|
Intentia Sings Praises of SOA, Introduces Movex3
Published: April 11, 2006
by Dan Burger
Many companies with investments in RPG-based applications are at the integration crossroads. They know platform interoperability is the destination, but they are unsure of the best route. Sometimes when you are lost, the best thing to do is follow the guy in front of you. Following Intentia International is not a bad idea. One of the largest software vendors in the IBM midrange market, it made a decision years ago and the latest version of its enterprise software, Movex3, shows how far down the Java and XML development road it has gone.
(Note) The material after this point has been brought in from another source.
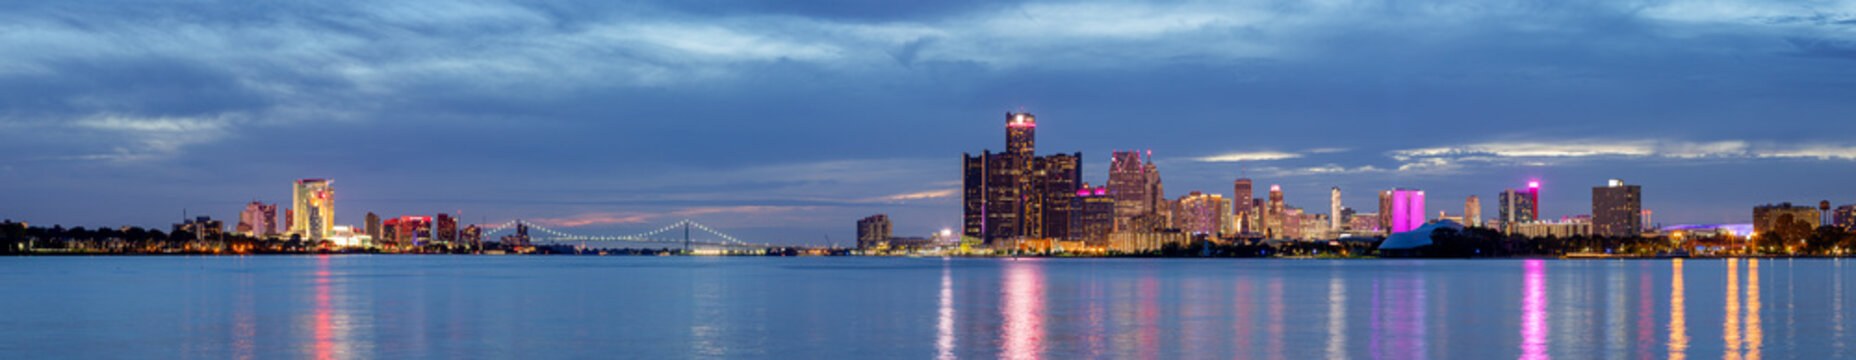 The Cities of Detroit and Windsor

Movex3, which was announced Monday at the Movex User Conference in Orlando, Florida, is designed so users get beyond the tunnel vision of "mechanical efficiency." Not that mechanical efficiency is the wrong goal, but Intentia prefers to see it as one of many goals. The decision-makers at Intentia say its customers benefit in terms of mechanical efficiency based on their long-term investments in Movex, and regardless of whether they choose to remain with the RPG version of Movex or convert to the Java- and XML-based version, that efficiency will remain at a high level. However, Beyond mechanical efficiency lies business efficiency and the bridge between them relies on interoperability, which, they say, is best served by portal technology (IBM WebSphere as middleware) and service oriented architecture (SOA).
For those who believe SOA adds unnecessary complexity and therefore becomes a drain on other priorities, Intentia points to its Active Document Adapter, which provides a business process layer for Movex3 applications to interoperate with other SOA-based Web services and applications. Because the interoperability takes place at the business logic level, rather than at the code level (as it does with traditional enterprise application integration), the brain trust at Intentia says it will dramatically improve a company's capability to change processes and connections as they become business requirements.
"Breaking down bulky enterprise applications into individual services delivers the flexibility benefits of SOA, but in its purest form, implementation complexity and cost is too high for mid-sized companies and would more than offset any gains," says Henrik Billgren, president of Intentia research and development. "Conversely, larger applications are simpler to deploy but are too rigid for today's dynamic business environment. We believe that Project ADA will enable us to take a sensible approach to SOA that's right for the mid-market by providing both business agility and implementation simplicity." A portion of that agility comes from a company's new opportunity to choose and change business partners based on the ability of those partners to deliver the best product or service, rather than resisting such changes because of the IT hurdles they create.
Companies can fit into several categories, says Intentia's CEO David Rode. There are companies that look at this as an IT challenge of converting green-screen applications to Java. "The mistakes that some companies make," Rode says, "are trying to copy what they are doing in RPG and make it the same in Java. The biggest reason for the move to Java is to make fundamental and dramatic change to the business processes that are being automated. Companies that recognize this upfront see the impact it will make in the bottom line. It's a shift in mentality. Those that want to mimic the old system using Movex are making it tough on themselves." Rode says the move to a new technology like Movex3 is about business processes as much as it is about converting RPG to Java or obtaining WebSphere middleware.
"The middleware is part of it," he says. "The less time you have integrating things into the system will factor into both more time and money, but it's equally important to consider the configuration of the system so that it maps to the way the company wants to automate its business processes."
With Movex3, Intentia also set out to improve the user experience. "We're declaring war on the traditional ERP user experience," Billgren said. "People should want to go into the system." This is a case of good information going to waste because users' access is cumbersome or balky. One of the objectives of Movex3 is to "eliminate the rigidity prevalent in the user experience of most ERP systems on the market." This lack of flexibility causes workers to use spreadsheets and other tools that are disconnected from the information in the ERP system. Enhancements to navigation within workflows, customization of forms, and a cleaner visual design are aimed at helping users complete core tasks.
The company, as soon as its merger with Lawson is complete (expected to happen before the end of April), will have an installed base of approximately 3,500 organizations. Approximately 400 of those customers are using the Java-based Movex. Approximately 95 percent of those 3,500 are iSeries shops that are heavily invested in RPG.
Intentia also chose this occasion to announce a product called QuickStep, which is designed to reduce the implementation time of pre-configured solutions for the company's primary industries, which include apparel, food and beverage, and distribution. And as a pathway to what the company says will be simpler and quicker upgrades to the Java-based product line, it added a roadmap called the Stepping Up program.